В этот второй день зал был настроен весьма враждебно: хмурые лица, суровые глаза, вчерашнего любопытства и след простыл, в зале уже витало «Да, виновен».

– Виновен?

– Да.

– Убийство преднамеренное?

– Да. Он знал, что убьет ее, ведя в такое пустынное место.

– С отягчающими обстоятельствами?

– Да. Он ударил ее несколько раз. Оттащил тело подальше от могил, чтобы было сподручнее, и даже отбросил один камень как недостаточно острый и воспользовался другим.

Во время заседания показали слайды: голова убитой, ее волосы все в крови, следы побоев, черная полоса на шее. Сперва ее били кулаком по лицу, затем камнем по голове. Суду было представлено два вещественных доказательства: куски мрамора, пронумерованные 1 и 2. Но смерть наступила в результате удушения. Во время показа в зале стояла гробовая тишина, шторы были задернуты, кто-то медленно комментировал («Секретарь, читайте»). Лампочка председательствующего оставалась во время чтения зажженной. Затем шторы подняли. Люди избегали смотреть друг на друга. Никто не фыркал, как после просмотра кинофильма.

– А обвиняемый? – интересовался тот сосед, который не ходит на заседания.

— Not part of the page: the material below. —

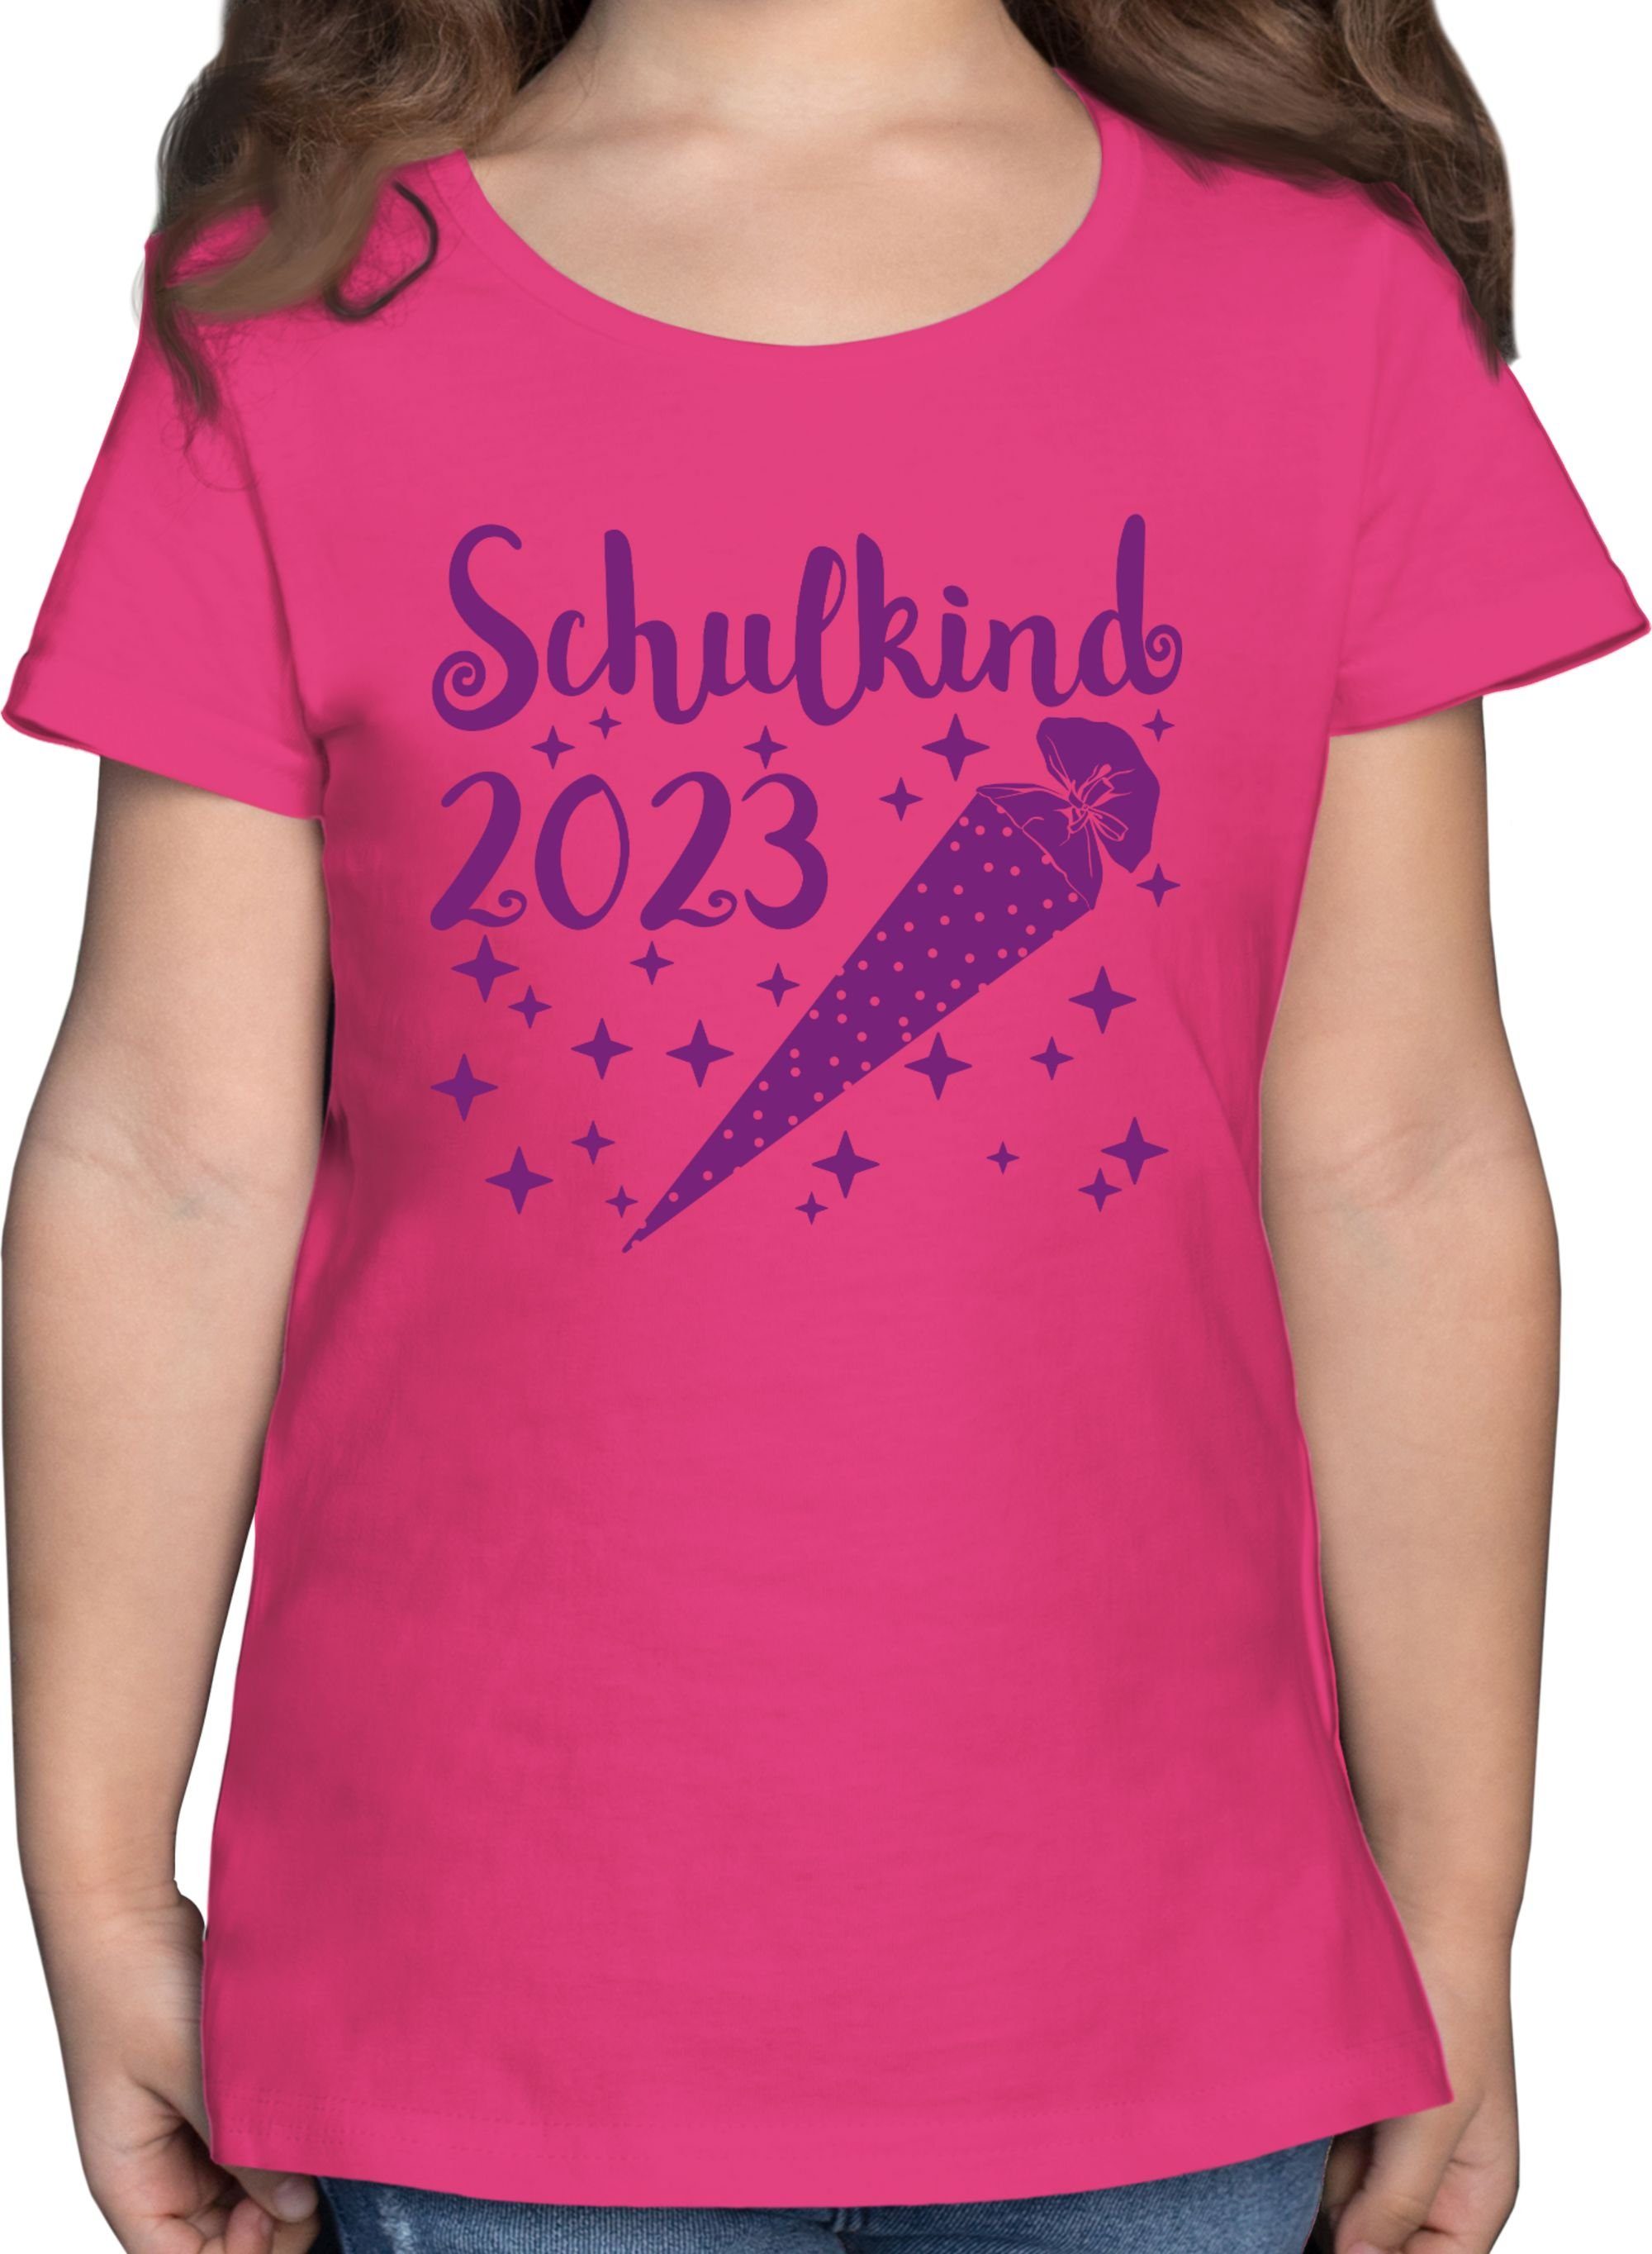 und - T-Shirt Einschulung Shirtracer - 3 Mädchen lila Schultüte Fuchsia Sternchen Schulkind 2023
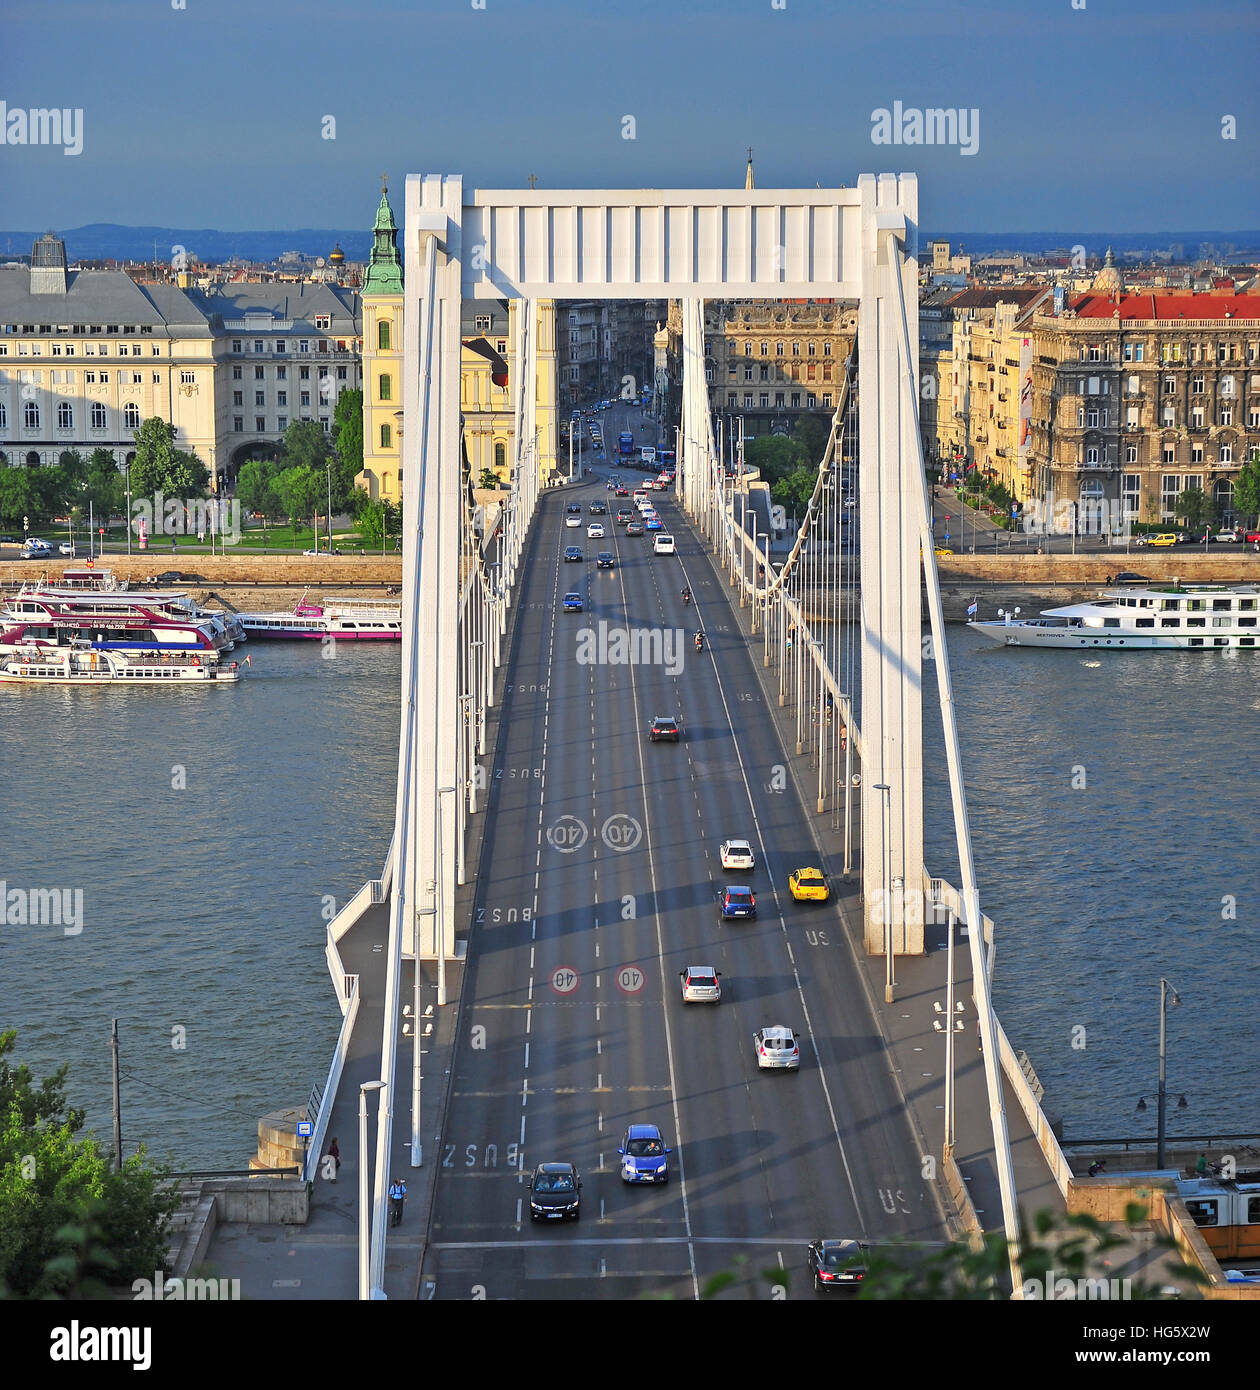 BUDAPEST, Ungarn - 23 Mai: Straßenverkehr auf der Elisabethbrücke in Budapest City am 23. Mai 2016. Budapest ist die Hauptstadt und größte Stadt von Ungarn. Stockfoto

– Даже не шелохнулся. Смотрел на все не мигая – право слово, китайский болванчик. Это вызвало в присутствующих бурю негодования не меньшую, чем просмотр слайдов. Ах да, кое-что всех просто шокировало. На одном из кусков мрамора, которым он орудовал, был виден англиканский крест, хотя время его и не пощадило, сперва показалось, что он забит землей, но нет – он был чист: протерт, промыт. Этот крест с английского кладбища словно некое видение – просто ужасен.

– А вам приходилось посещать английские кладбища?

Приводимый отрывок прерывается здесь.